Все долго молчали. Неуспокоев курил с подчеркнутым спокойствием, медленно пуская красивые колечки. Марфа шепталась с Квашниной, Грушин опять разглядывал ладонь.

Молчание прервал Егор Парменович:

- Сидим вот, хнычем, вздыхаем, виновников ищем, а наши тракторы жмут сейчас на всю железку! На весь Казахстан, на всю Сибирь гремят!

Он положил ладонь на глаза, и перед, ним встало…

…По сопкам и долинам, мимо старых кочевничьих колодцев и степных кладбищ, мимо верблюжьих и конских черепов, чьи пустые глазницы прострелила уже молодая трава, ломятся тракторы Жангабыла. Пятьдесят дизелей, три с половиной тысячи лошадиных сил, лупят через ночь при полном освещении! И вздрагивает степь, как при землетрясении, прочь бегут звери, тучами поднимаются над речками и озерами всполохнутые птицы. А сколько таких тракторных колонн ломится сейчас по всему размету целинных земель! Полки, дивизии, армии мощных машин! Даже Уэллс не видел такое в своих фантастических, снах!..
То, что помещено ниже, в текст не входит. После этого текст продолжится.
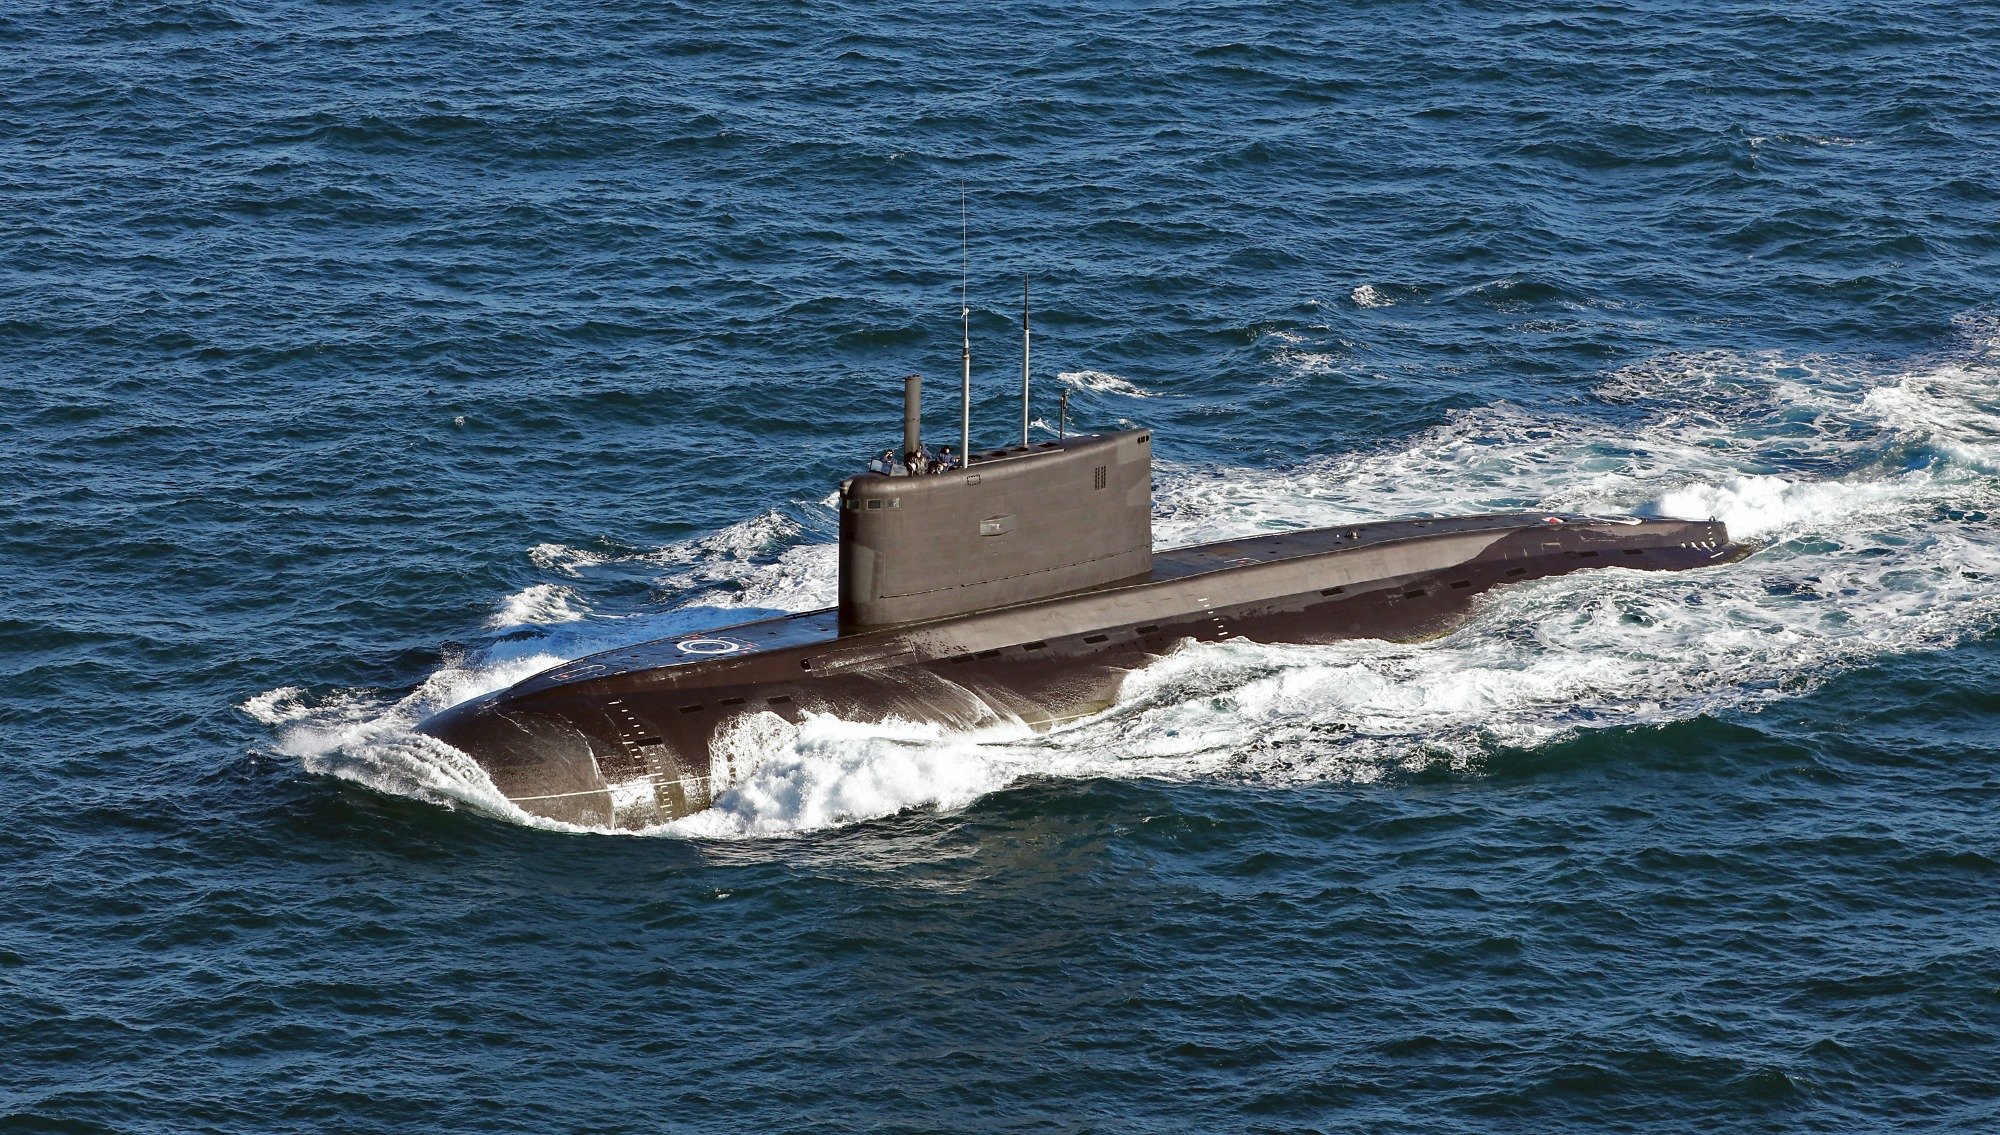 Βίντεο: Αγνοείται ρωσικό υποβρύχιο με 4 πυραύλους cruise στο Λίβανο εν μέσω έντασης Ρωσίας-ΗΠΑ;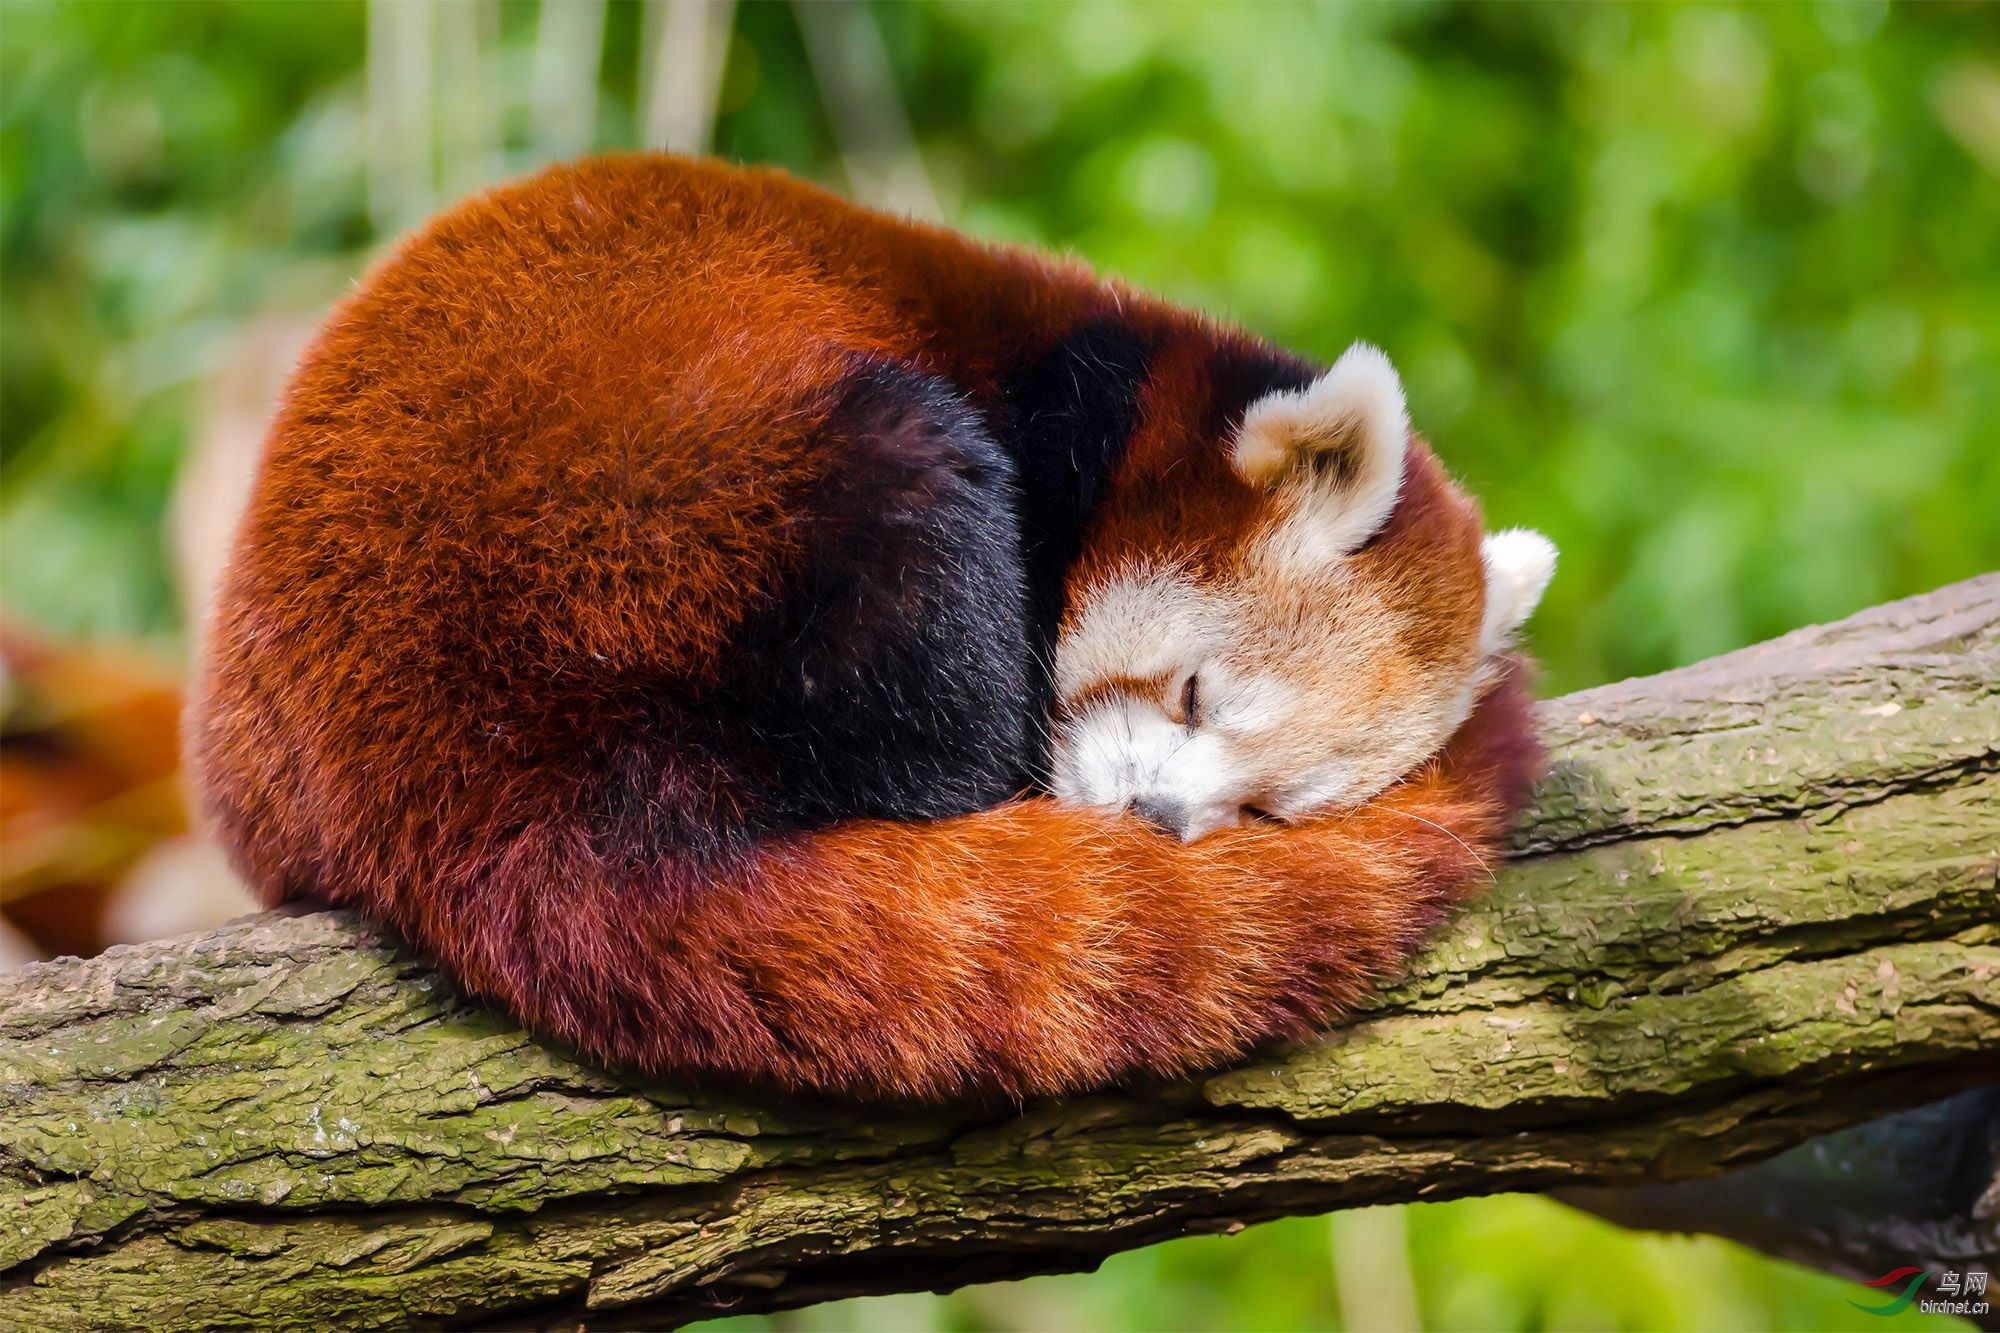 可爱的小熊猫睡态可掬

- Вот где красота, вот где сила! - снял Егор Парменович ладонь с глаз. - Они не сядут, как мы, на мель! - Он выпрямился в кресле, прямой и строгий. - Назад, говоришь, Степан Елизарович? Не было у меня такого, чтобы назад. А придется, видно, впервые в жизни и это испытать.

Он потянул к себе карту, почесал пальцем висок и выругался шепотом:

- Вот ведь он, вот он Жангабыл! Рукой подать! Часа четыре хода, всего и разговора. А если обратно, то ведь придется отступать до Уялы. Километров полтораста назад! Клади сутки! Потом влево повернем, на север, вот на эту дорогу…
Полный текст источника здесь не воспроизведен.